How to Read a Peptide Certificate of Analysis (COA): A Researcher's Field Guide

What Is a Certificate of Analysis for Peptides?

A Certificate of Analysis (COA) is the formal quality document issued by a laboratory after testing a peptide batch. It records every analytical measurement performed on that specific lot — purity percentage, confirmed molecular identity, moisture content, and safety screens — and links those results to a unique batch or lot number. Before a researcher opens a vial or prepares a solution, the COA is the single most informative document available about what is actually inside the container.

Understanding how to read a certificate of analysis for peptides is not just a procedural formality. Researchers investigating compounds such as BPC-157, Ipamorelin, or GHK-Cu depend on confirmed identity and purity to draw valid conclusions from their in vitro or in vivo experiments. A COA that shows degraded purity or an unexpected molecular weight signals that experimental results may be unreliable — independent of technique.

You can view the COA for any EVO Labs Research batch directly at Certificate of Analysis by entering your lot number. The remainder of this article explains exactly what each field means and what values to look for.

The Anatomy of a Peptide COA: Section by Section

Most COAs from reputable third-party laboratories follow a similar structure. The fields below represent the standard analytical sections you will encounter. Not every supplier includes every test — the depth of a COA is itself a quality signal.

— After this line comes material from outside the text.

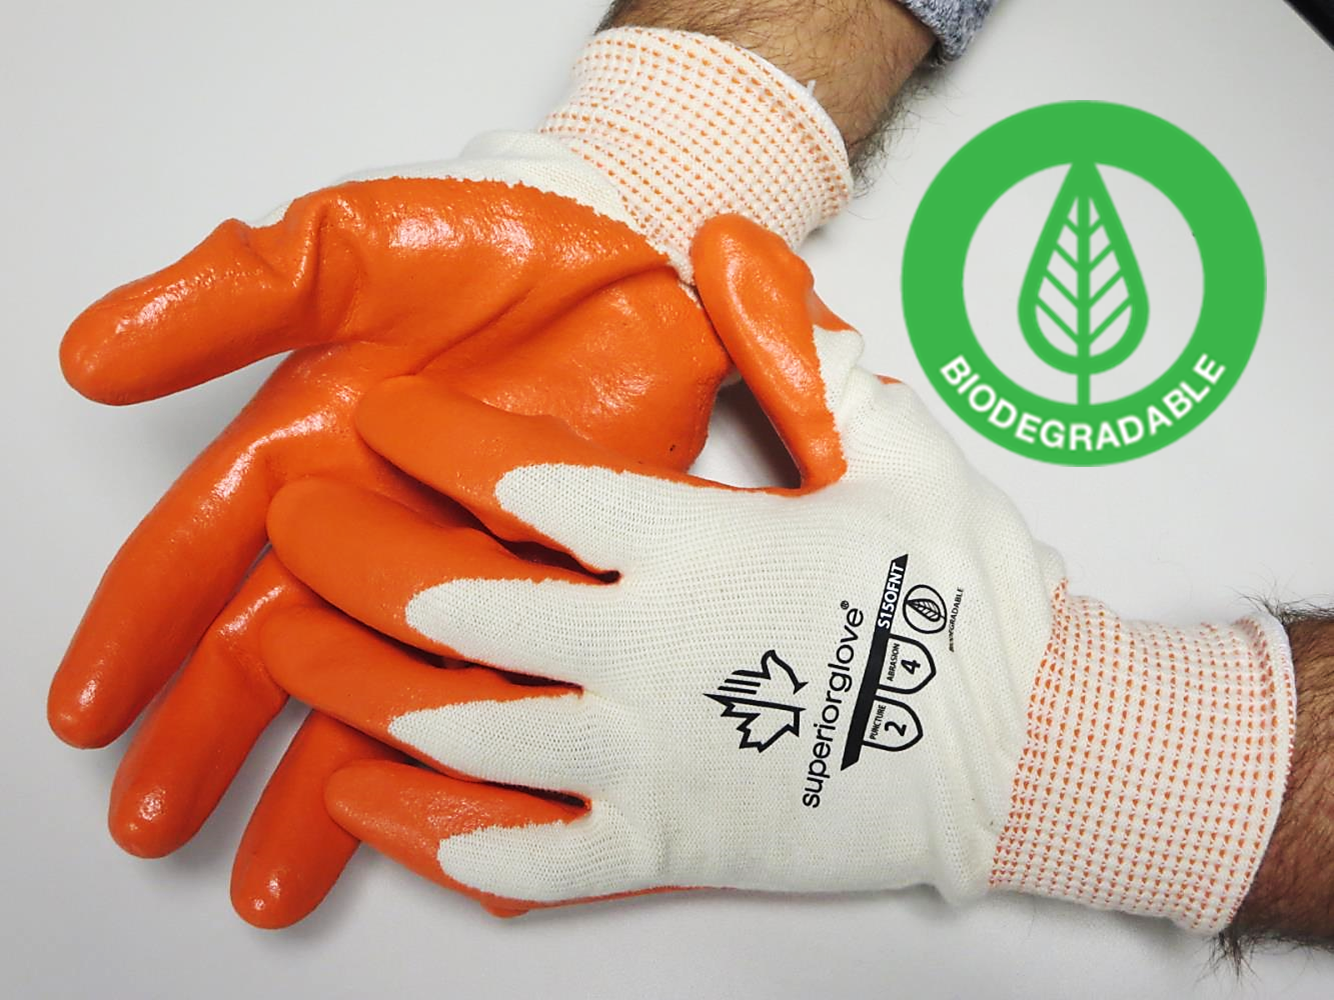 Superior Glove® biodegredable Dexterity® S15OFNT 15-gauge 100% virgin cotton seamless knit work gloves with hi-vis orange foam nitrile coating preserves the planet while providing ANSI rated abrasion and puncture protection.

Lot / Batch Number and Product Identification

The top of the document identifies the compound by its full chemical name, common name, and CAS number where applicable. The lot number ties every analytical result on the page to a discrete manufacturing batch. If a researcher ever needs to troubleshoot a failed experiment, the lot number is the reference that allows the supplier to pull production records and the laboratory to retrieve raw instrument data.

Always confirm that the lot number on the physical vial or packaging matches the lot number printed on the COA. A mismatch means the document does not describe the product you received.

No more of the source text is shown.